Steering committee members will be Legislators Jack Williams (D-8th Ward), Ross, Newell Willcox (R-Homer), Larry Cornell (R-Marathon and Lapeer), Jennifer Gofkowski (D-Homer), John Steger (R-Preble and Scott) and Ray Parker (D-2nd Ward).
According to Ross, the purpose of the natural gas drilling task force is to study all the impacts natural gas development could have on the county and help local governments make the best use of those opportunities.
For example, the subcommittee that will examine the impact to roads and infrastructure, will investigate what can be done beforehand, such as documenting existing conditions of roads that could in turn be used to show how much a road has been damaged by drilling activity, he said.
The subcommittee that will examine the housing situation will research whether there is enough housing to accommodate the gas crews that will come into the community.
The public safety committee will investigate how prepared emergency crews will be in the event of a spill and the environmental subcommittee could consist of geologists and scientists who can help the county understand the potential environmental impacts of gas drilling.

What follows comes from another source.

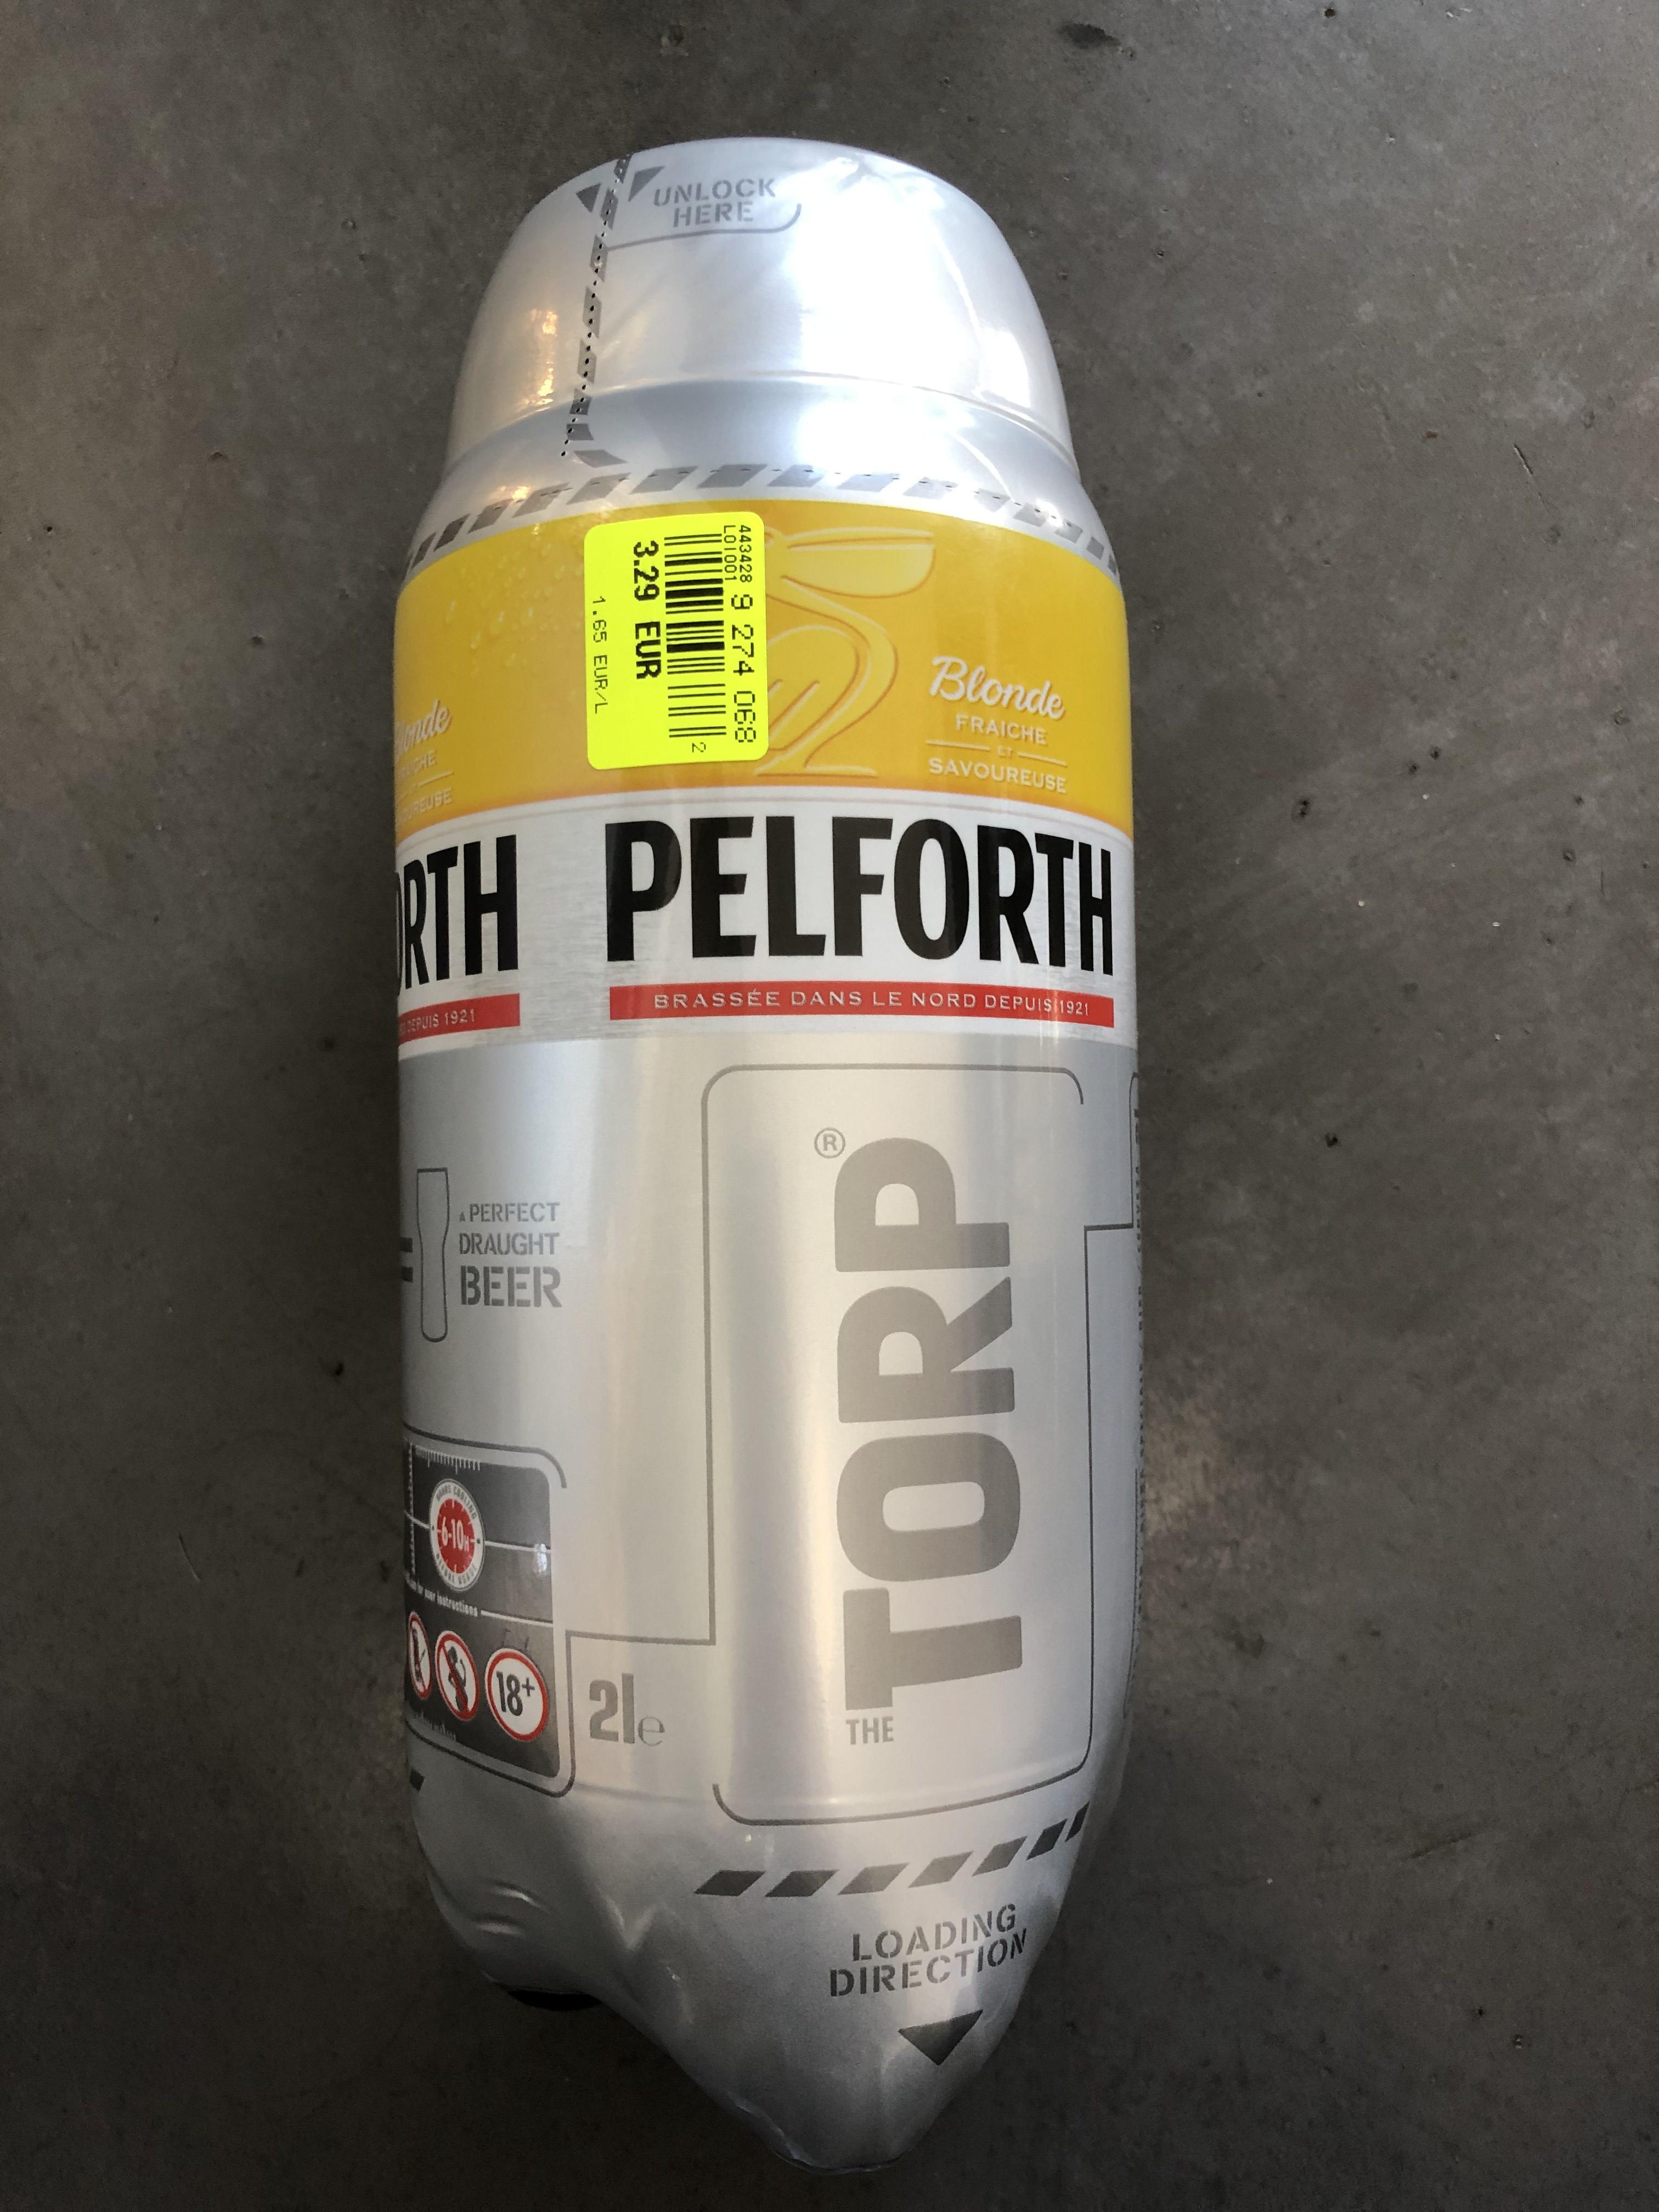 Fut de bière Torp Pelforth de 2L - Angers (49)

Ross said he will not have anyone with existing gas leases sit on the subcommittees.
Parker said he will look for members who are not biased in one direction or another.
“I’m going to be looking for someone who’s going to look at the pluses and minuses and try to find out if there’s some way any of the negatives can be taken care of and looked at in a positive nature,” Parker said.
Parker said he does not want the potential economic benefits to be ignored and also does not want the possible adverse environmental impacts to be discounted. He said he has someone in mind to recommend for the subcommittee because the person is a scientist with knowledge of the industry.
Parker would not say who the person was until he asked him if he wants to serve.